Deeper nesting is also possible, just continue the pattern e.g. a__deeper__nested__value

Paginating potentially large responses

If your query could return a large response, it's generally a good idea to paginate it.

Pagination can be achieved in many ways, but a basic example can be done as follows using a combination of variables in the query and LIMIT and OFFSET.

SELECT id, username, first_name, last_name, email, country
FROM users
LIMIT {per_page}
OFFSET ({page}-1)*{per_page}

Using this technique, URL params can be used by the requester to control pagination.

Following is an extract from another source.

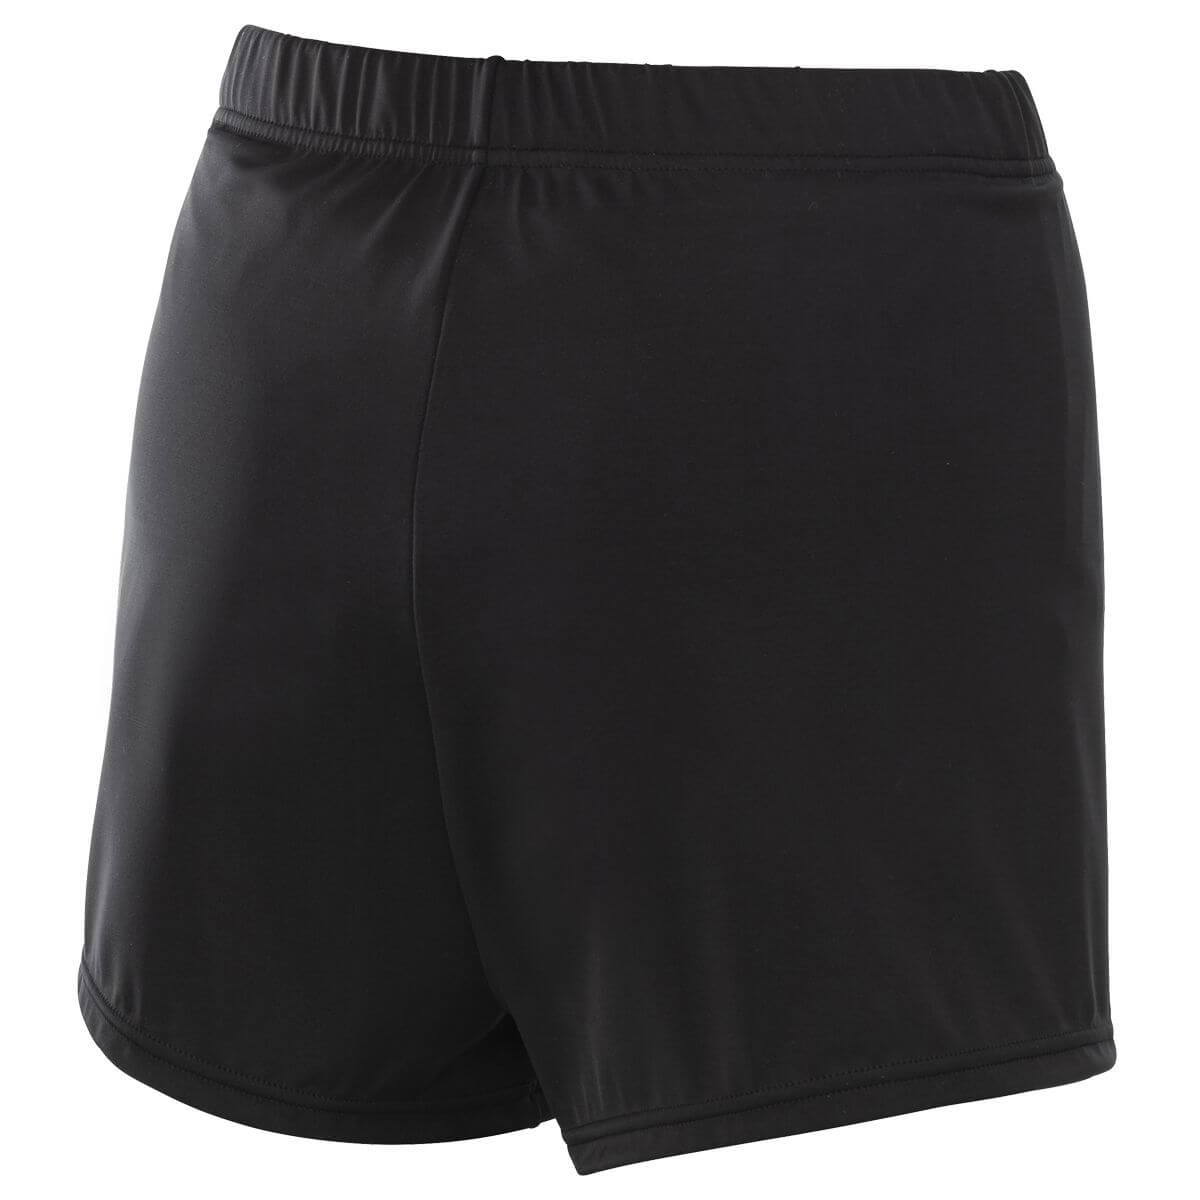 Ladies Tankini Incontinence Swim Shorts - Black - Size 20 | eBay
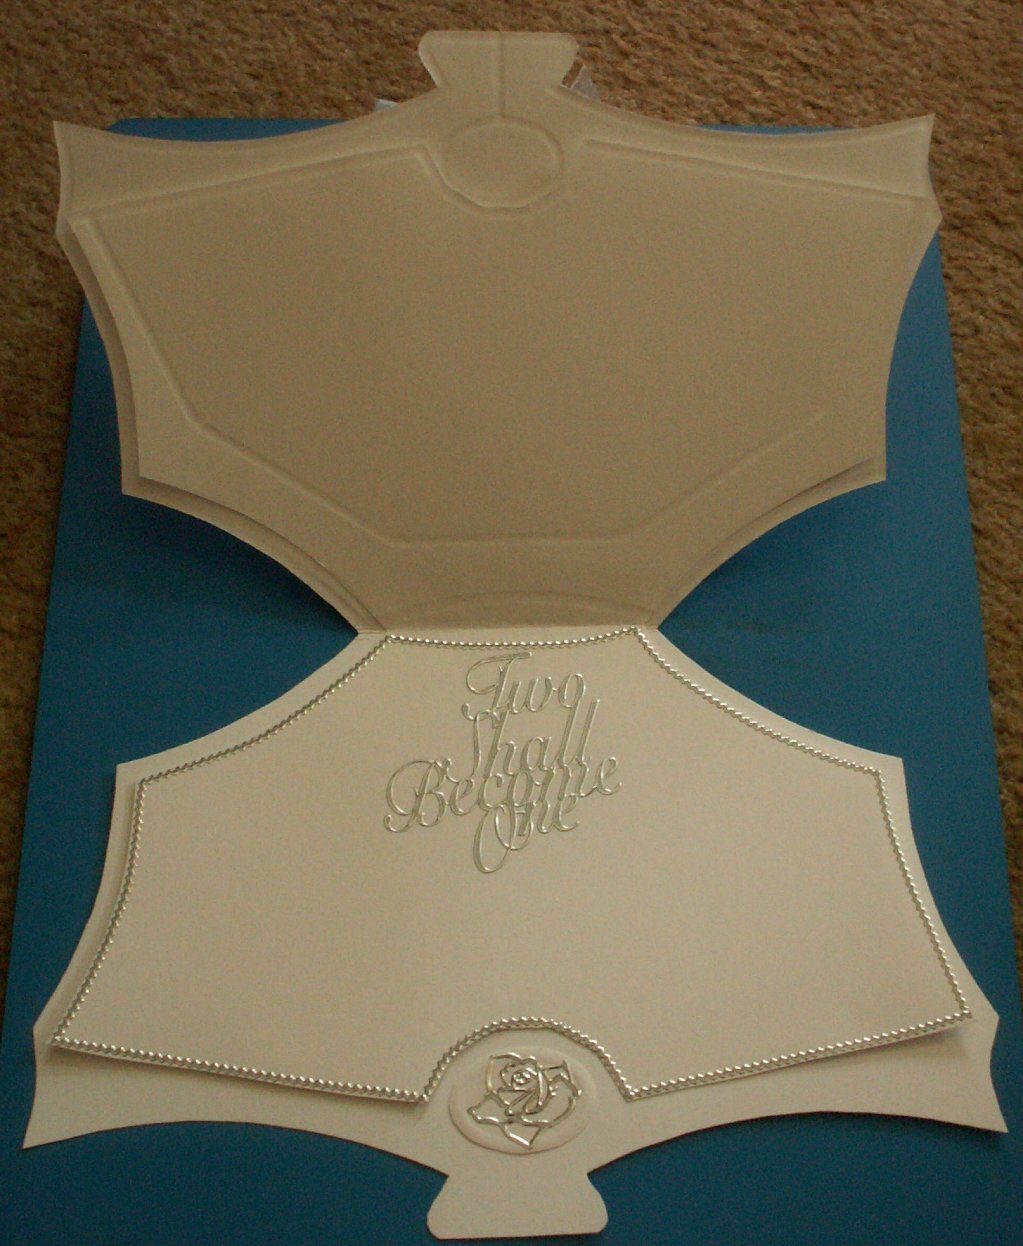 [Mike+and+Raylene+Wedding+Card+Inside+-+19+May+2007.jpg]

In this example, page corresponds to the desired page in the paginated collection and per_page corresponds to the desired size of records in each page

This technique can be used in combination with some default settings for these parameters in blazers config file blazer.yml.

Having defaults means if they are not specified by the requester, the defaults will automatically be applied.

    variable_defaults:
      # pagination defaults
      per_page: 30
      page: 1

Requests can then be as follows:

/blazer-api/queries/1-all-users = returns first 30 users (pagination defaults apply automatically)

/blazer-api/queries/1-all-users?page=2 = returns second page containing 30 users

/blazer-api/queries/1-all-users?page=1&per_page=90 = returns first page containing 90 users

etc...

Contributing

Want to improve this library, please do!

  • Report bugs
  • Fix bugs and submit pull requests
  • Write, clarify, or fix documentation
  • Suggest or add new features

License

The gem is available as open source under the terms of the MIT License.